**THE DATA**
━━━━━━━━

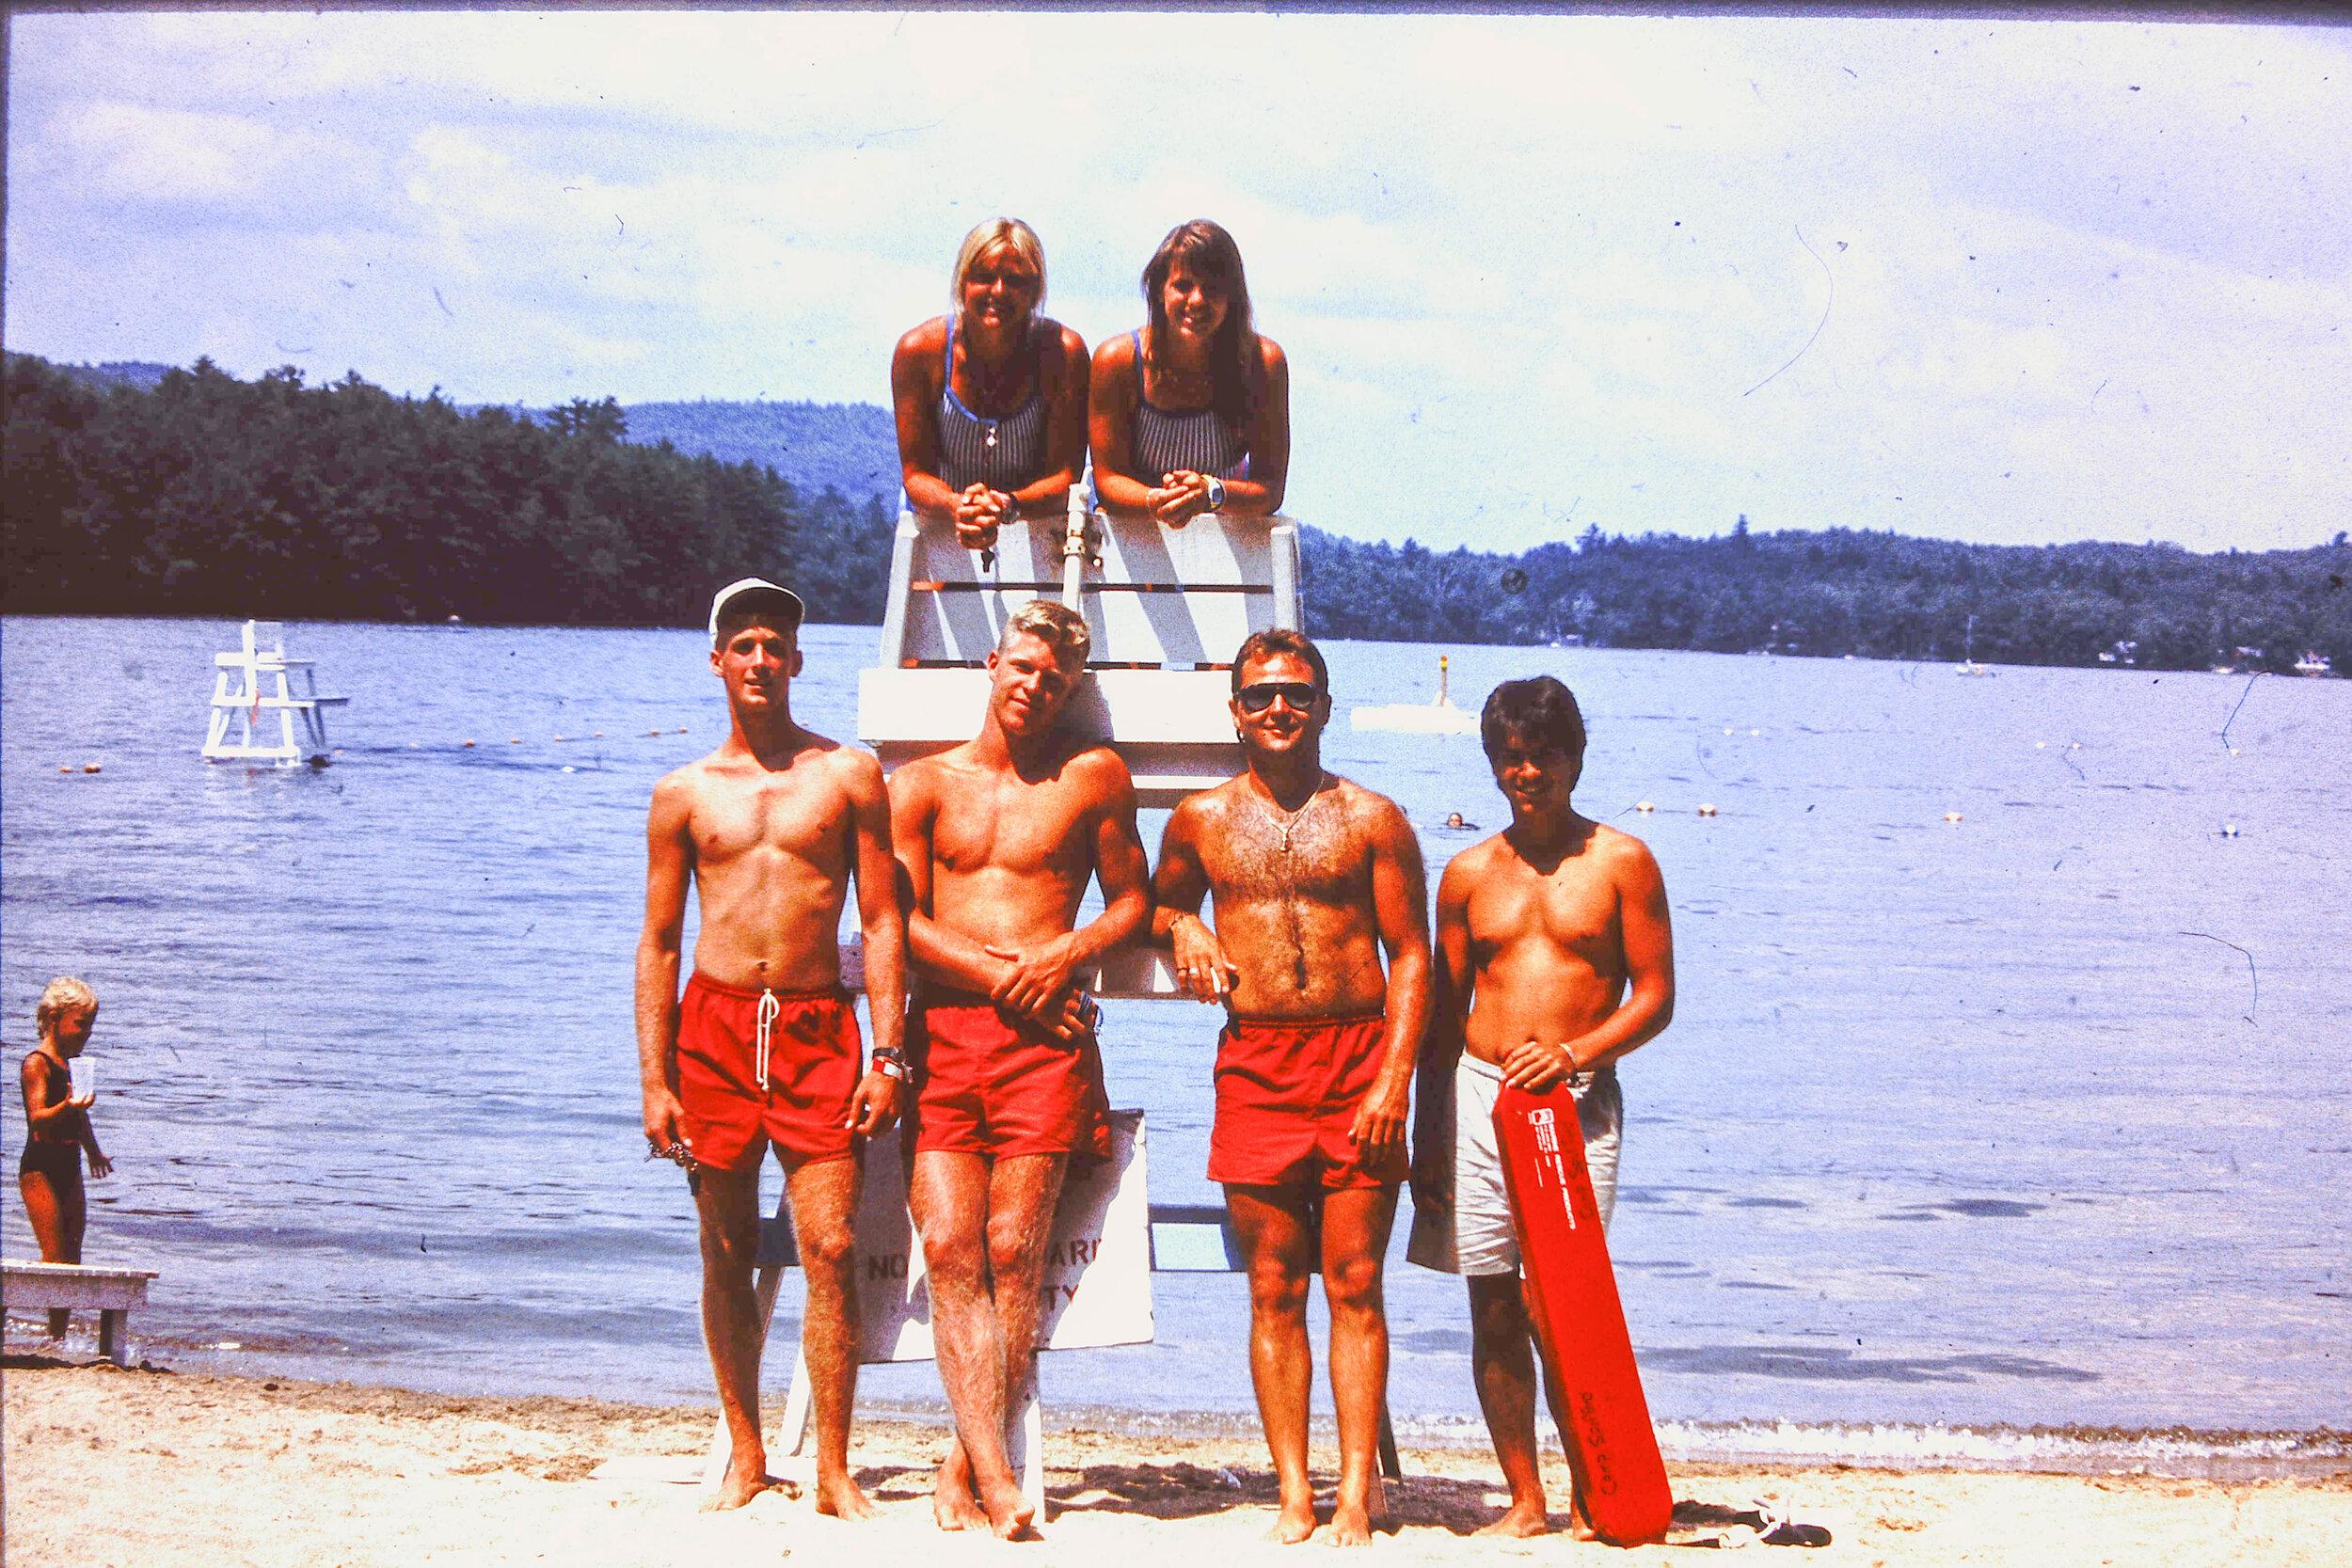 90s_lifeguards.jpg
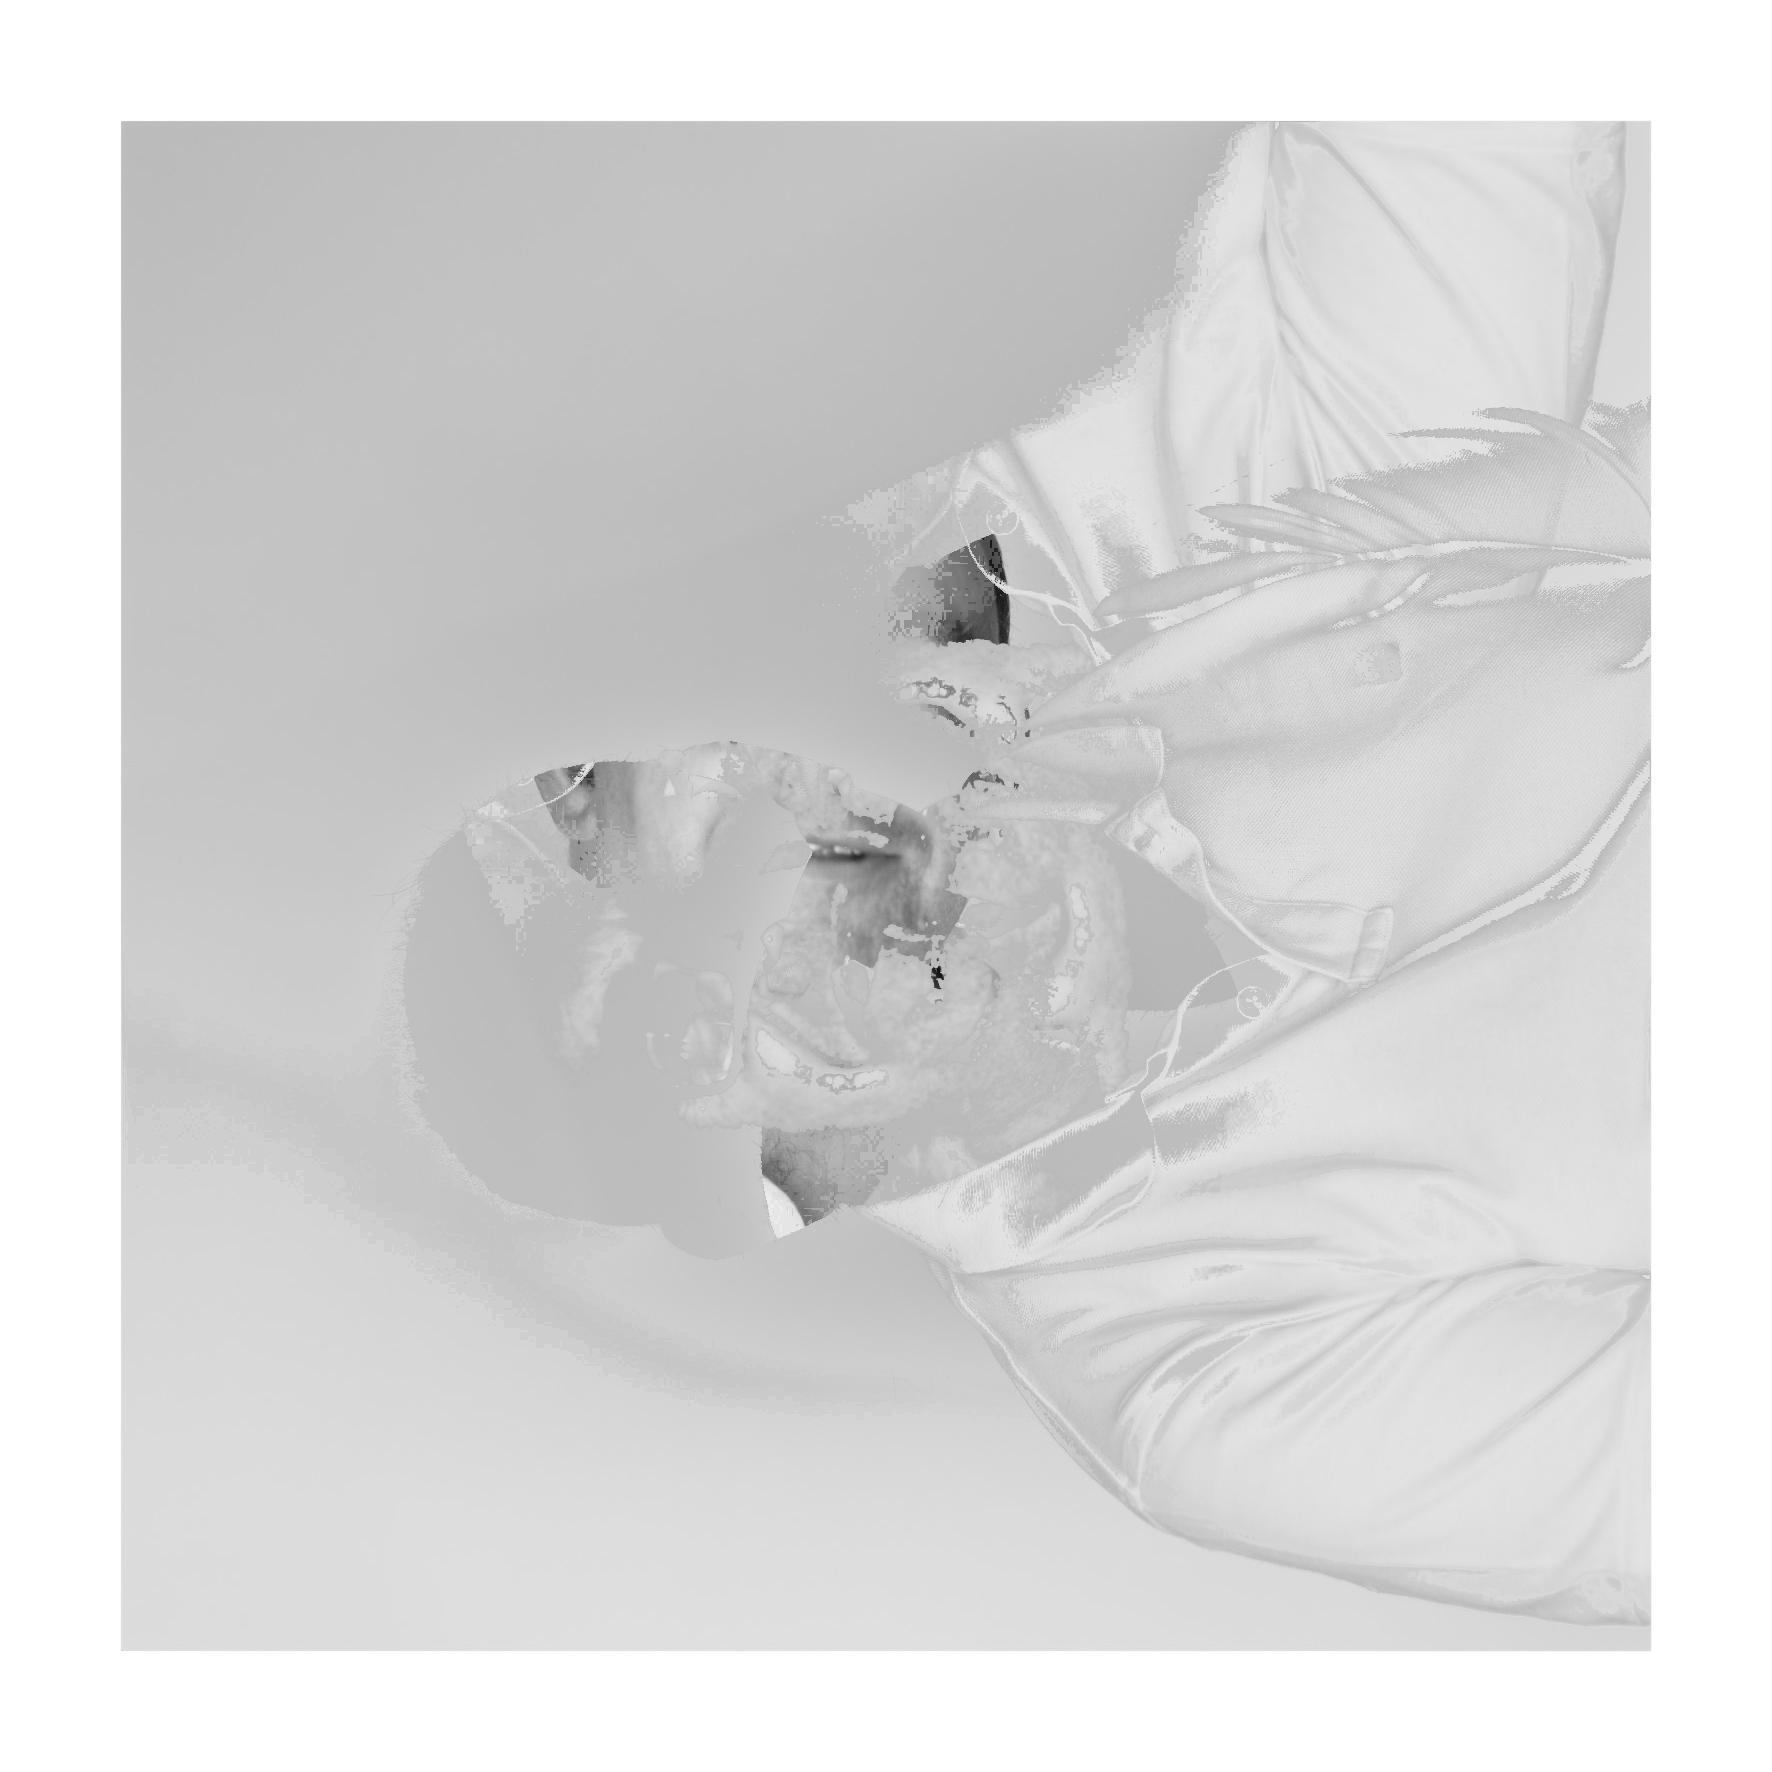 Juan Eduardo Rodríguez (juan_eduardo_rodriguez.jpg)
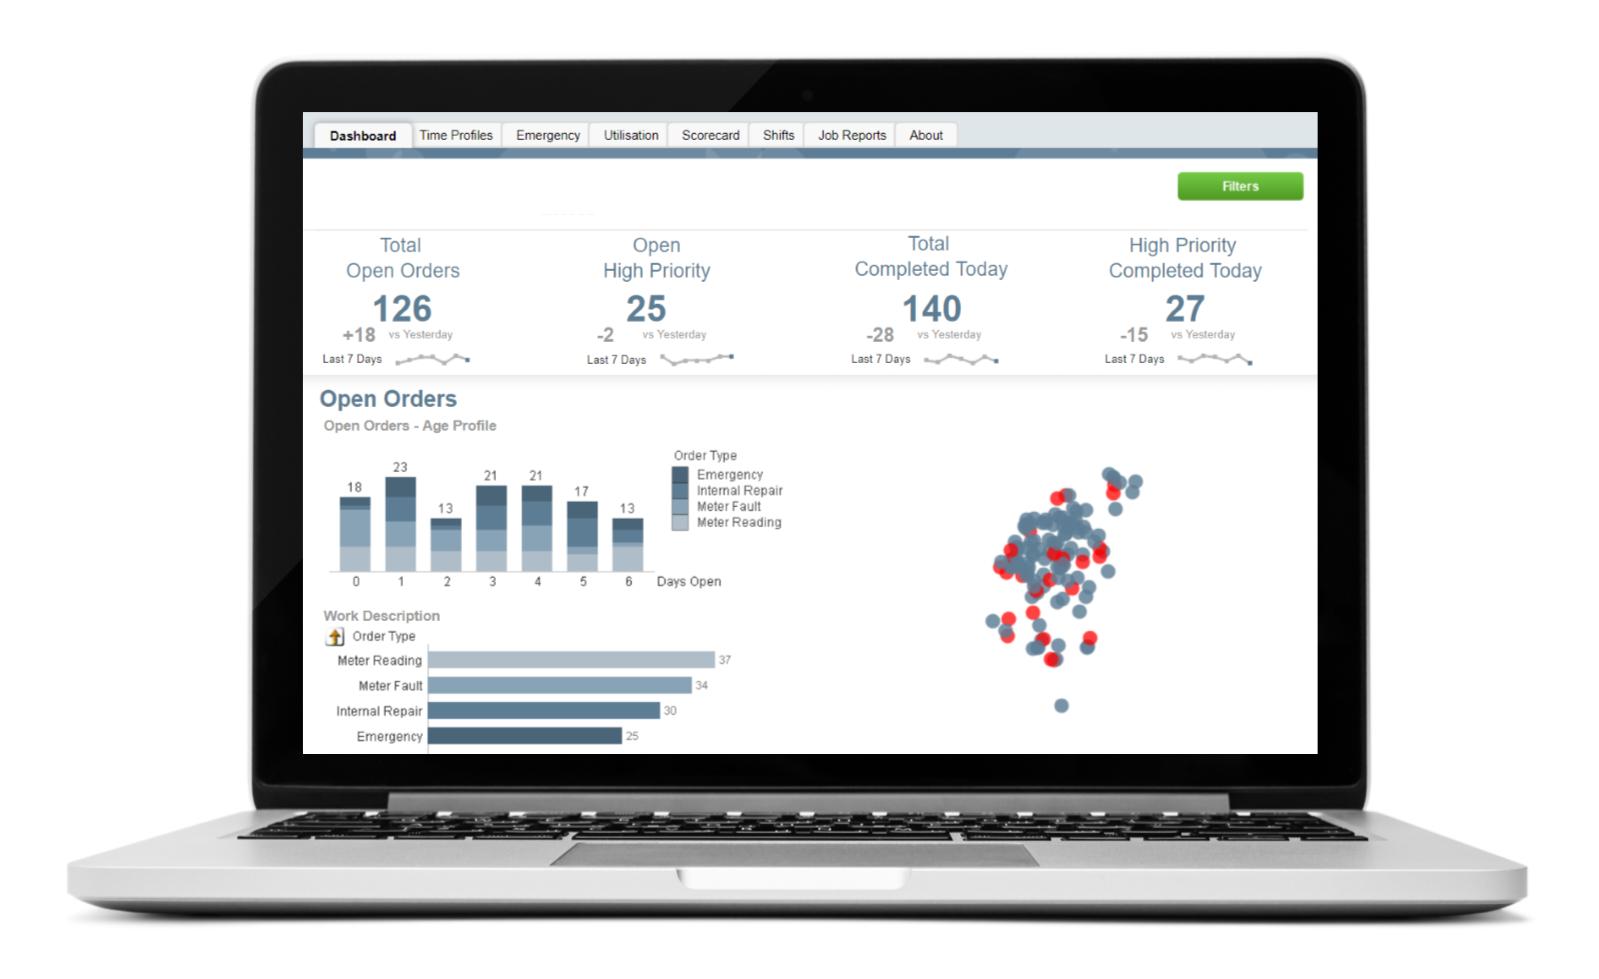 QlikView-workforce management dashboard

━━━━━━━━

**EXERCISE OBJECTIVE**
Return the material verbatim; the images are not to appear in the copy.

**EXERCISE OUTPUT**
 90s_lifeguards.jpg
 Juan Eduardo Rodríguez (juan_eduardo_rodriguez.jpg)
 QlikView-workforce management dashboard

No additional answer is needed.